§ **Source material**
┄┄┄┄┄┄┄┄┄┄┄┄┄┄┄┄┄┄┄┄

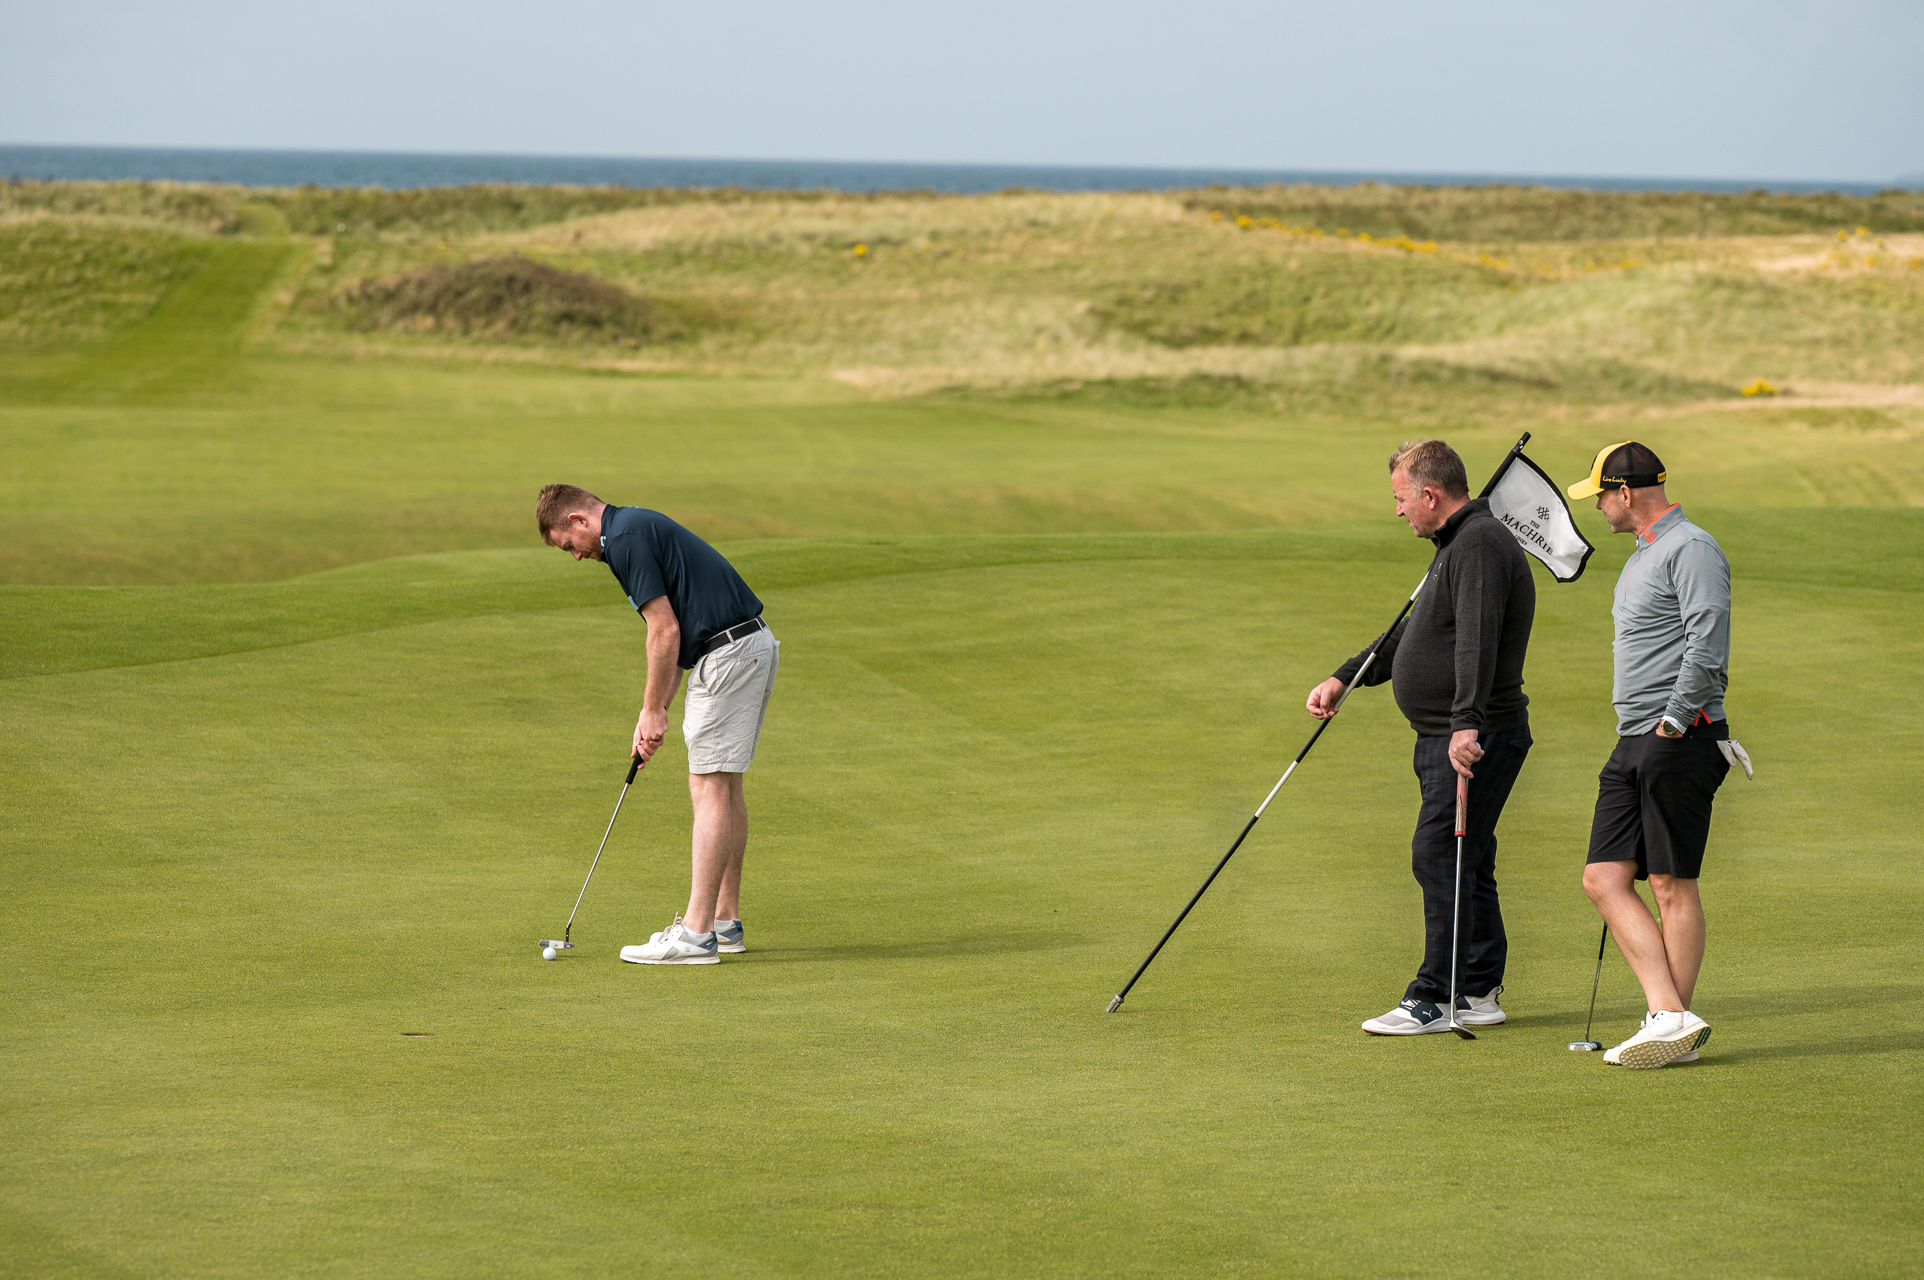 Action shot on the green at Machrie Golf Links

┄┄┄┄┄┄┄┄┄┄┄┄┄┄┄┄┄┄┄┄

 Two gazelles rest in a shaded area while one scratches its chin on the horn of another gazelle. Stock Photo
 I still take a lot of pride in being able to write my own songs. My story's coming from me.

┄┄┄┄┄┄┄┄┄┄┄┄┄┄┄┄┄┄┄┄

§ **Task prompt**
Please, from the entries above, set down exactly the lines from the one containing "Two gazelles rest" through the one containing "I still take", and only those.

§ **Written solution**
 Two gazelles rest in a shaded area while one scratches its chin on the horn of another gazelle. Stock Photo
 I still take a lot of pride in being able to write my own songs. My story's coming from me.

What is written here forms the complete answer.